Genome-wide association studies (GWAS) have identified hundreds of loci associated with kidney-related traits such as glomerular filtration rate, albuminuria, hypertension, electrolyte and metabolite levels. However, these impressive, large-scale mapping approaches have not always translated into an improved understanding of disease or development of novel therapeutics. GWAS have several important limitations. Nearly all disease-associated risk loci are located in the non-coding region of the genome and therefore, their target genes, affected cell types and regulatory mechanisms remain unknown. Genome-scale approaches can be used to identify associations between DNA sequence variants and changes in gene expression (quantified through bulk and single-cell methods), gene regulation and other molecular quantitative trait studies, such as chromatin accessibility, DNA methylation, protein expression and metabolite levels. Data obtained through these approaches, used in combination with robust computational methods, can deliver robust mechanistic inferences for translational exploitation. Understanding the genetic basis of common kidney diseases means having a comprehensive picture of the genes that have a causal role in disease development and progression, of the cells, tissues and organs in which these genes act to affect the disease, of the cellular pathways and mechanisms that drive disease, and of potential targets for disease prevention, detection and therapy.

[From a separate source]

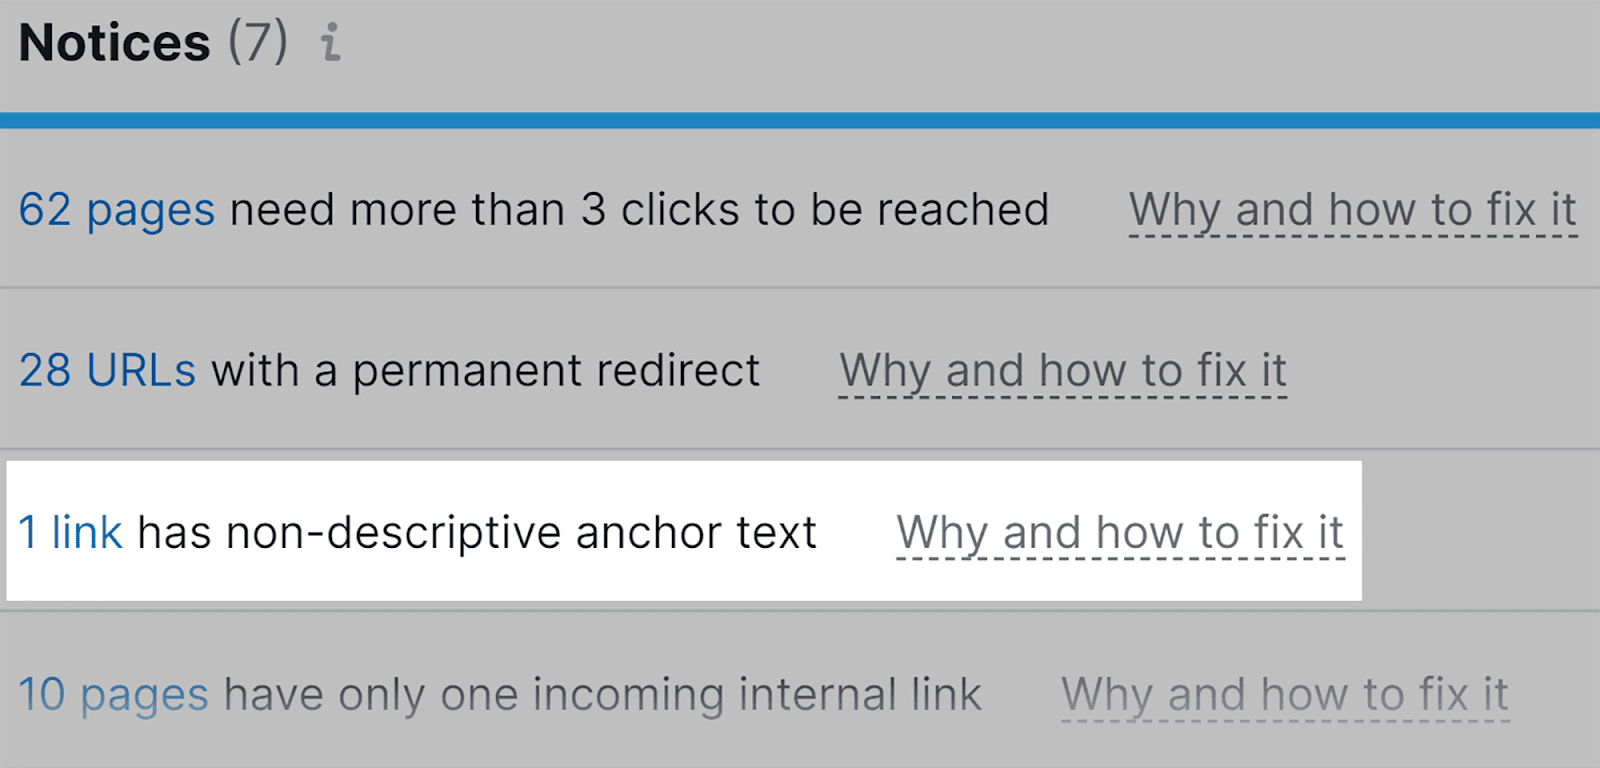 Notices such as links with non-descriptive anchor text
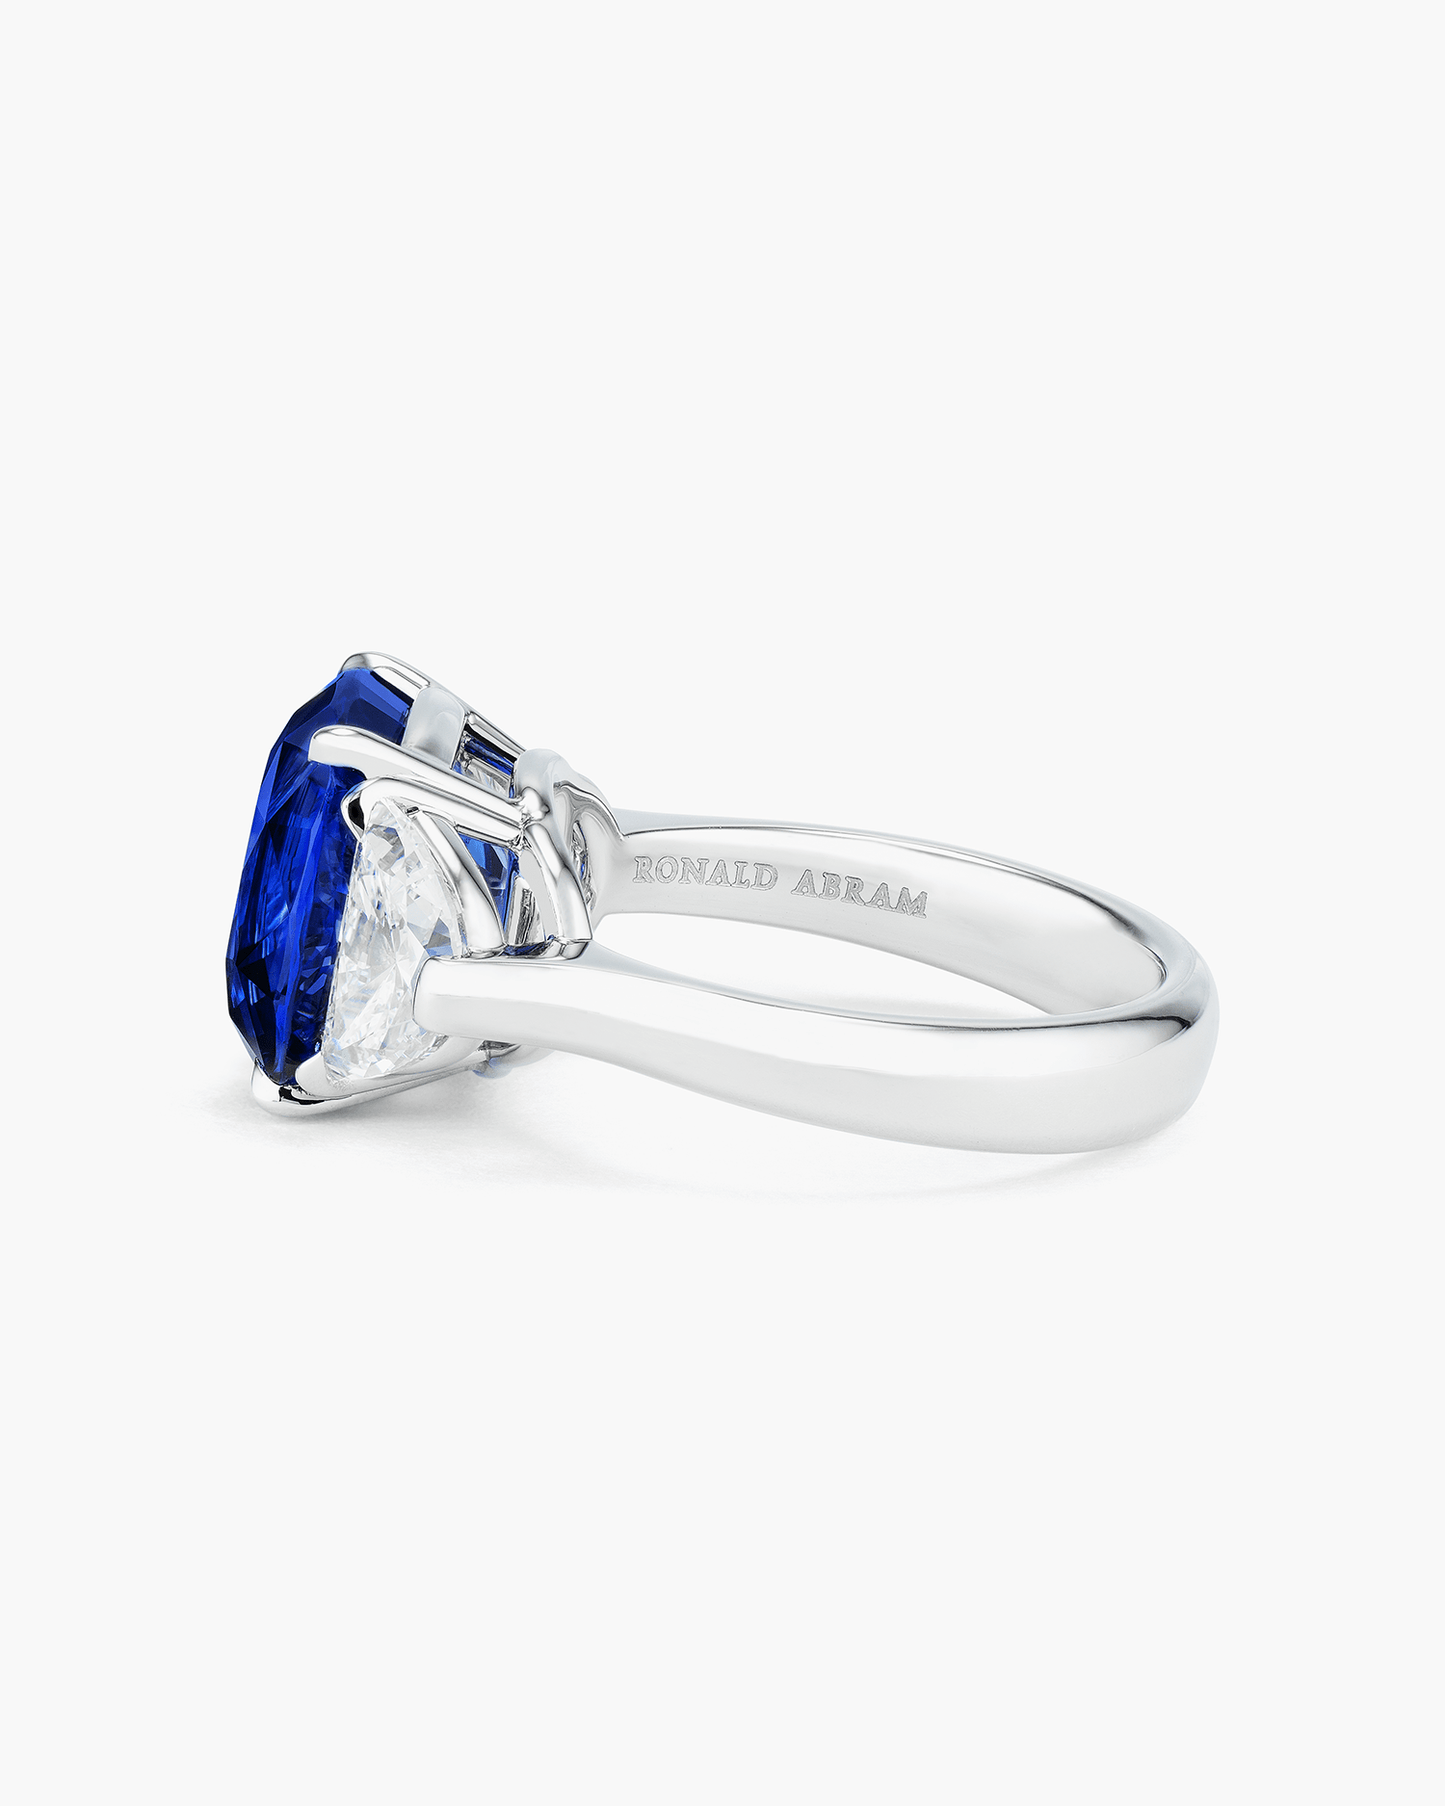 7.54 carat Cushion Cut Ceylon Sapphire and Diamond Ring

全基因组关联研究（GWAS）已鉴定出数百个与肾脏相关性状相关的基因座，例如肾小球滤过率，蛋白尿，高血压，电解质和代谢物水平。然而，这些令人印象深刻的大规模制图方法并不总是转化为对疾病的了解或新疗法的发展。GWAS有几个重要的限制。几乎所有与疾病相关的风险基因座都位于基因组的非编码区，因此，它们的靶基因，受影响的细胞类型和调控机制仍然未知。基因组规模的方法可用于鉴定DNA序列变体与基因表达变化之间的关联（通过本体和单细胞方法量化），基因调控和其他分子定量性状研究，例如染色质可及性，DNA甲基化，蛋白质表达和代谢产物水平。通过这些方法获得的数据与鲁棒的计算方法结合使用，可以为翻译开发提供鲁棒的机械推论。了解常见肾脏疾病的遗传基础意味着全面了解在疾病发展和进程中具有因果作用的基因，这些基因在其中影响疾病的细胞，组织和器官，细胞途径和机制。导致疾病，以及潜在的疾病预防，检测和治疗目标。可以为翻译开发提供可靠的机制推断。了解常见肾脏疾病的遗传基础意味着全面了解在疾病发展和进程中具有因果作用的基因，这些基因在其中影响疾病的细胞，组织和器官，细胞途径和机制。导致疾病，以及潜在的疾病预防，检测和治疗目标。可以为翻译开发提供可靠的机制推断。了解常见肾脏疾病的遗传基础意味着全面了解在疾病发展和进程中具有因果作用的基因，这些基因在其中影响疾病的细胞，组织和器官，细胞途径和机制。导致疾病，以及潜在的疾病预防，检测和治疗目标。